**What the exercise asks**.
This calls for a verbatim copy of all the data, with no images carried over.

**Data below**.
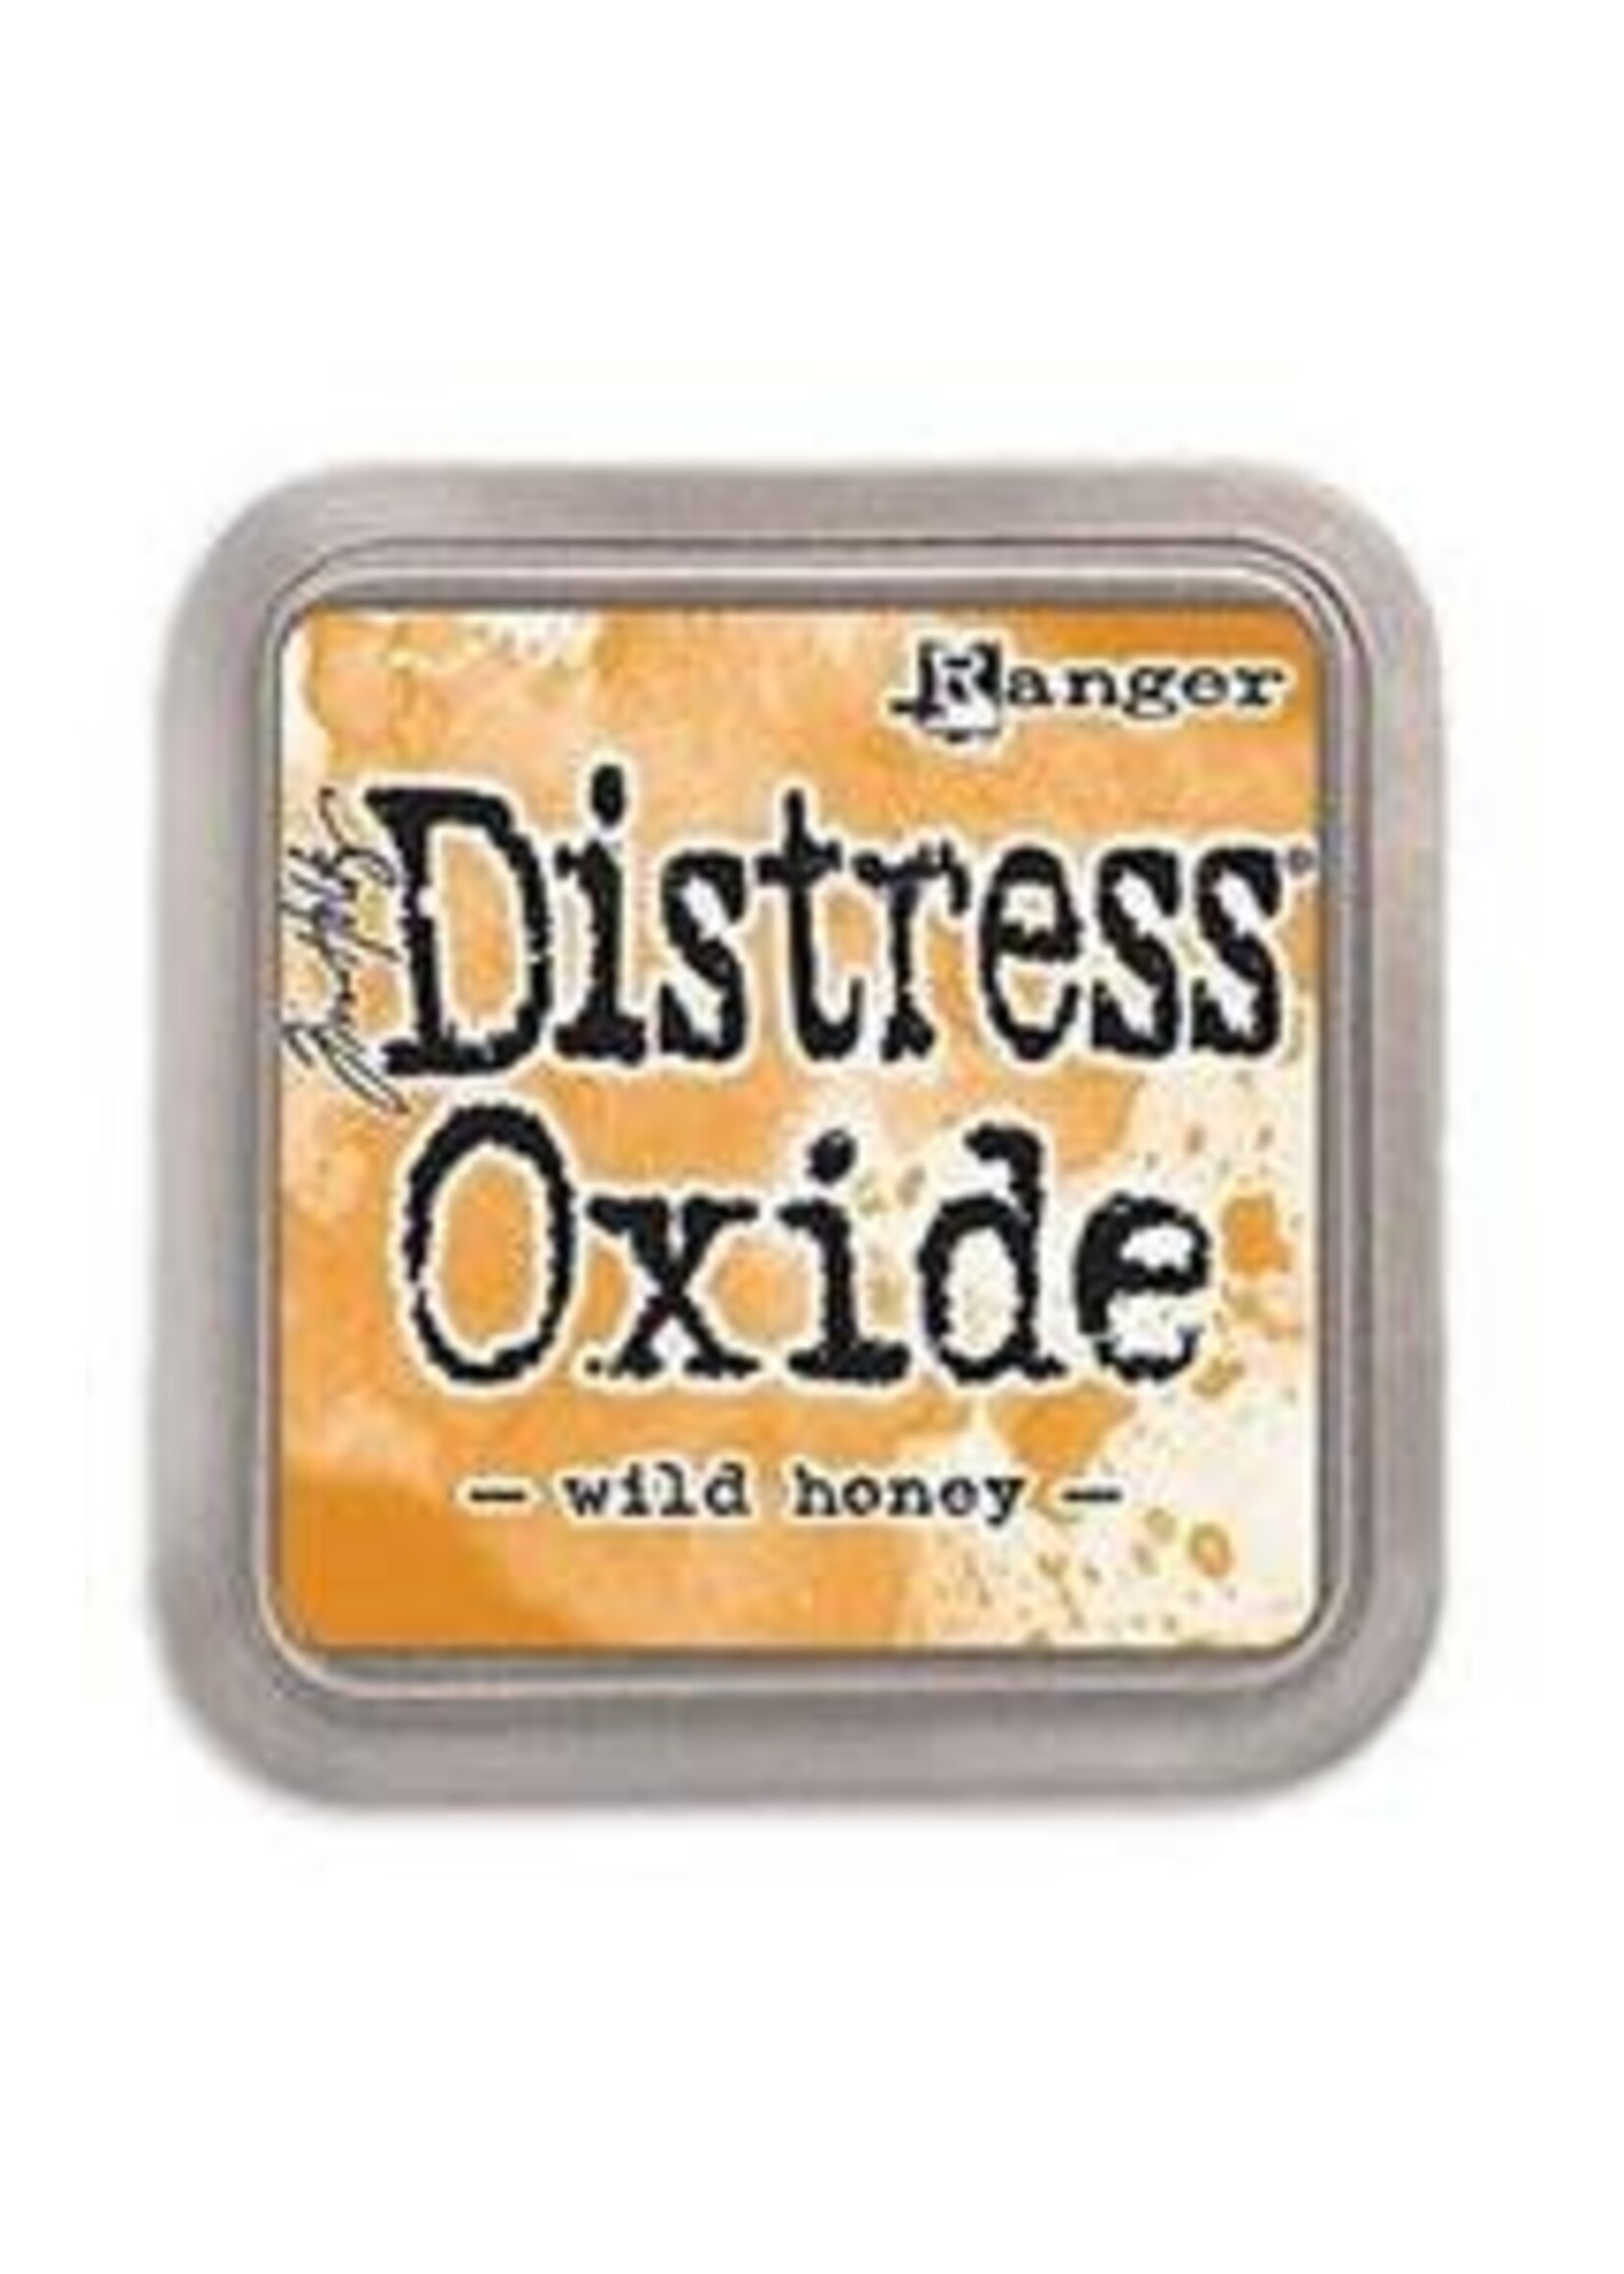 RANGER Distress Oxide Wild Honey
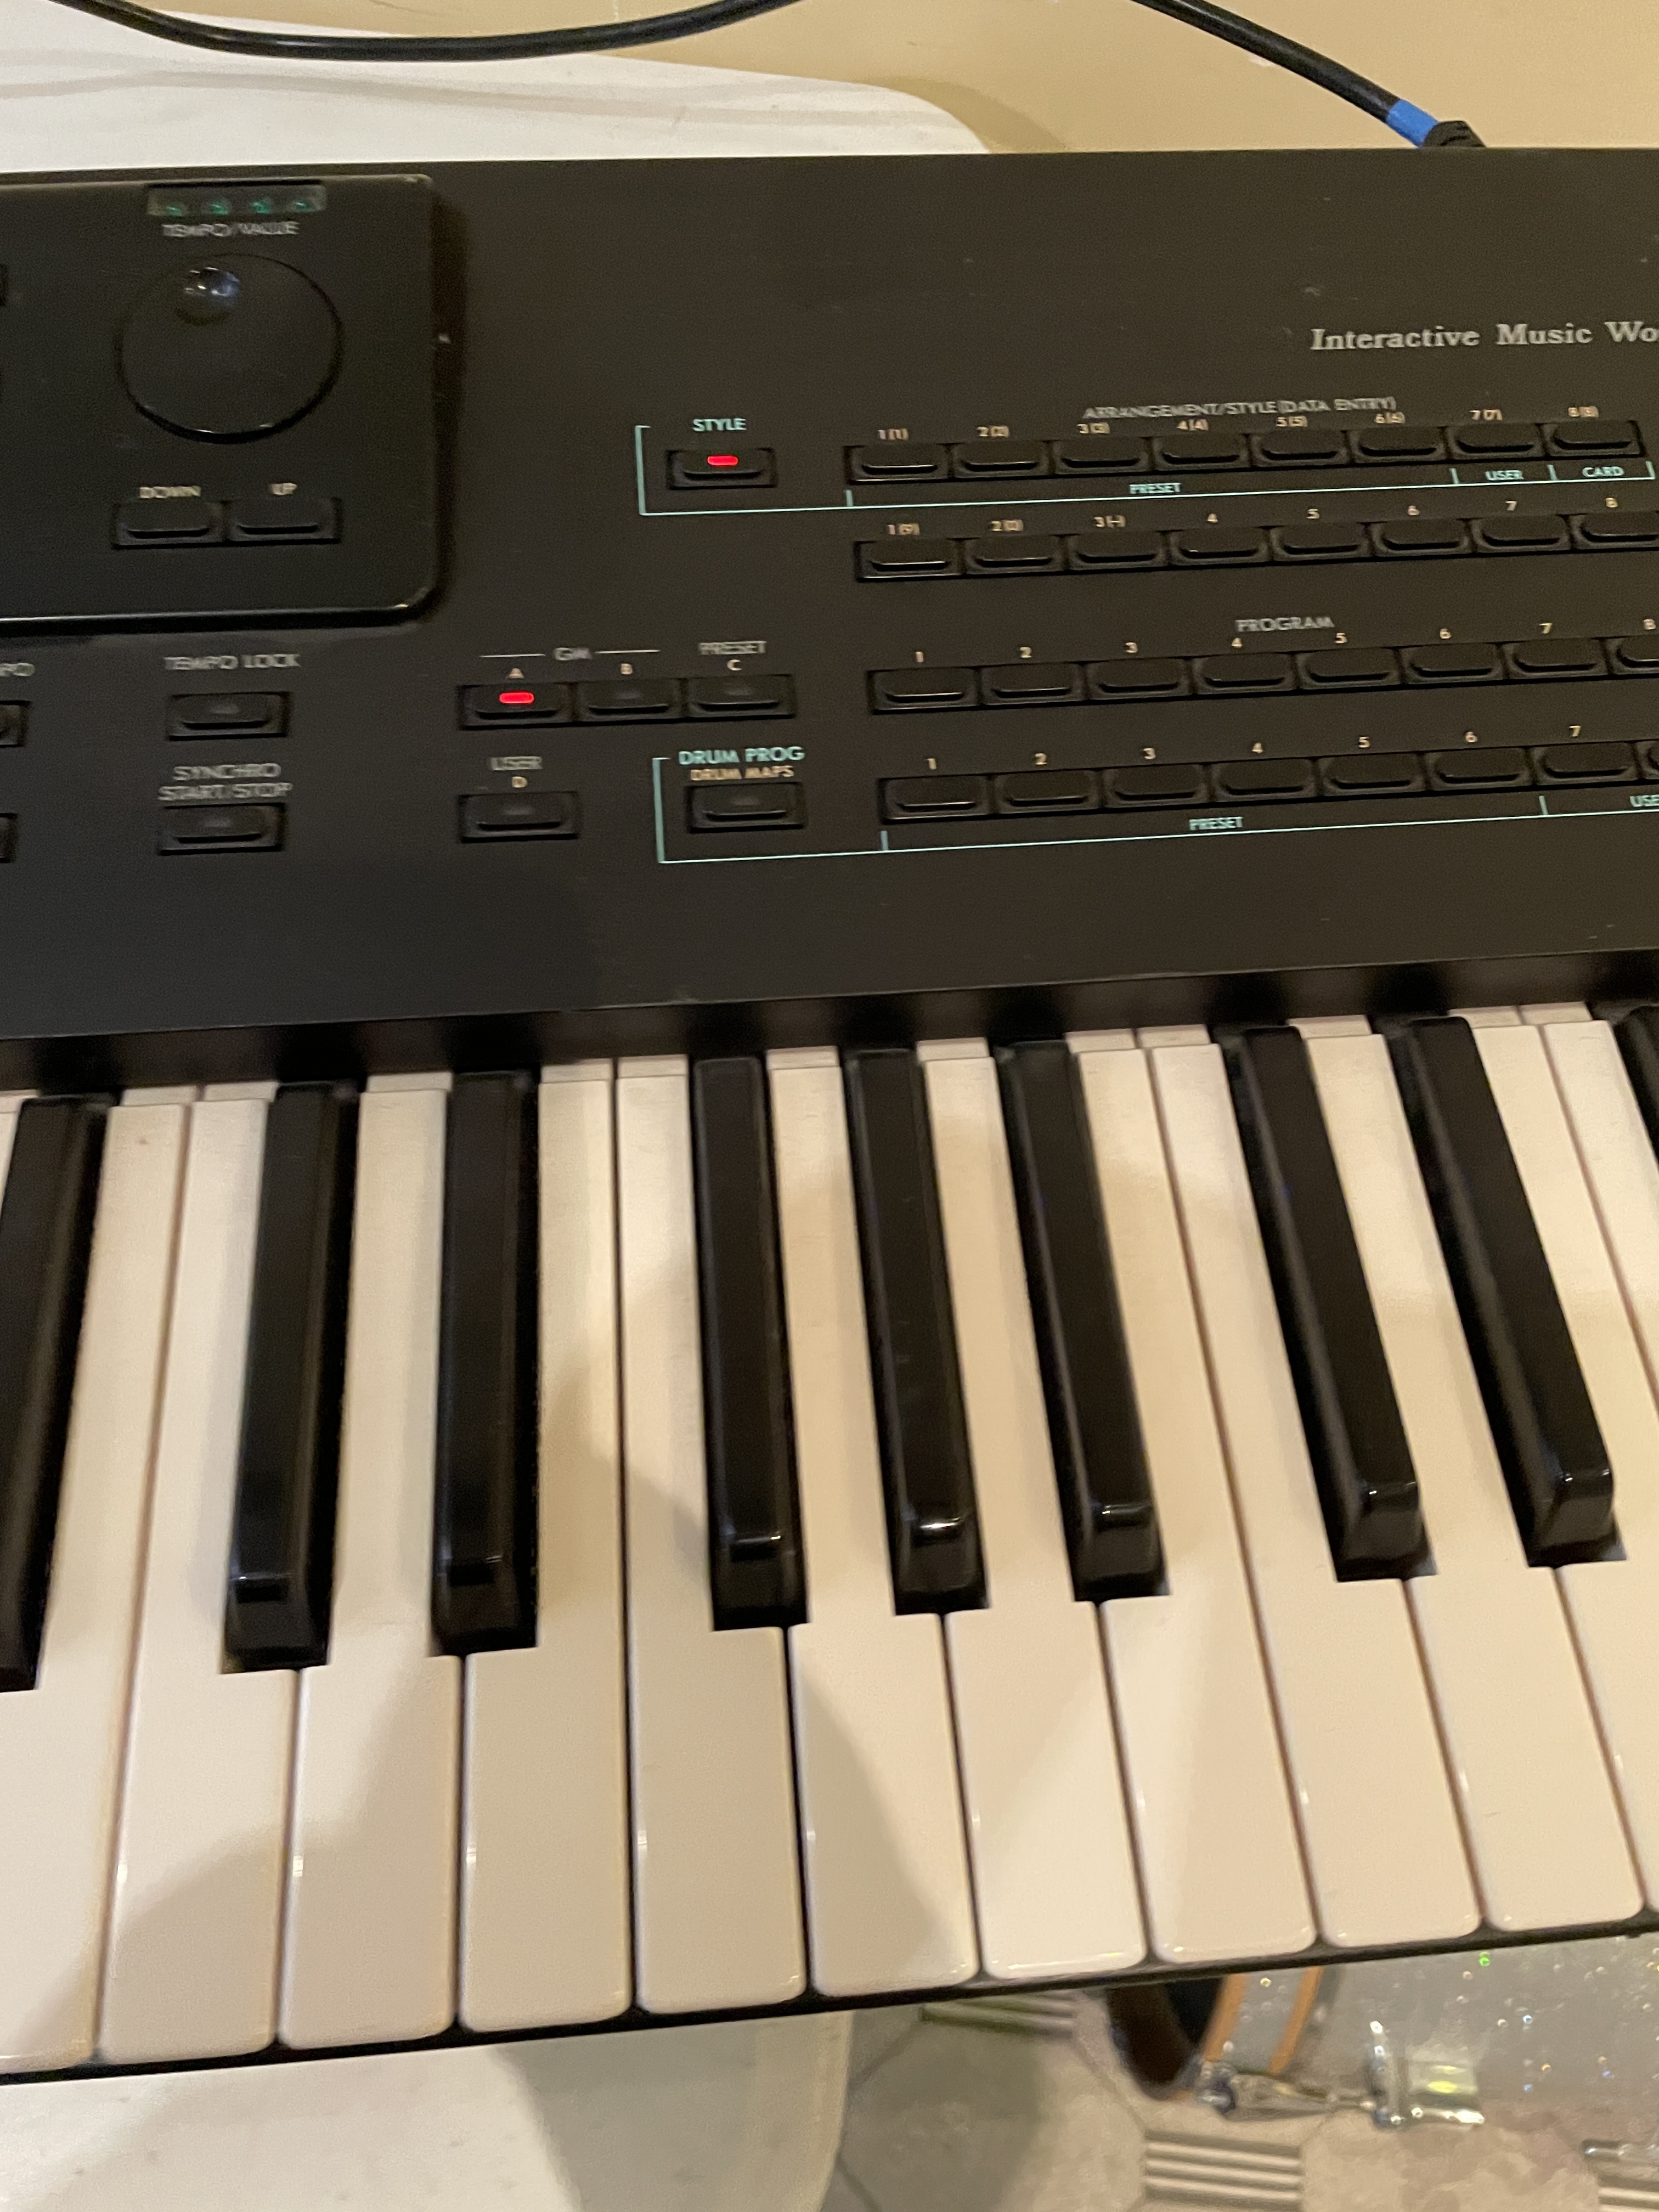 Korg i3 S « Keyboard
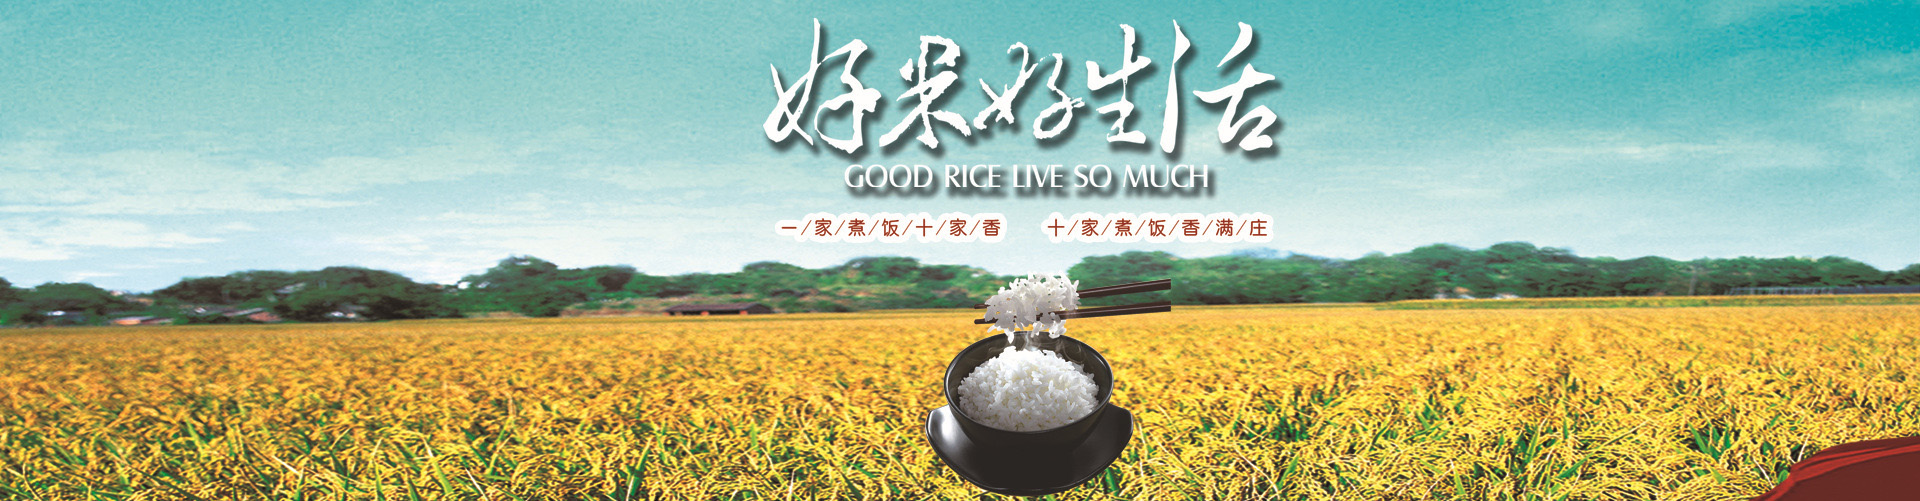 五常稻花香大米专卖店 精选优质五常稻花香大米

**Reply to the task**.
 RANGER Distress Oxide Wild Honey
 Korg i3 S « Keyboard
 五常稻花香大米专卖店 精选优质五常稻花香大米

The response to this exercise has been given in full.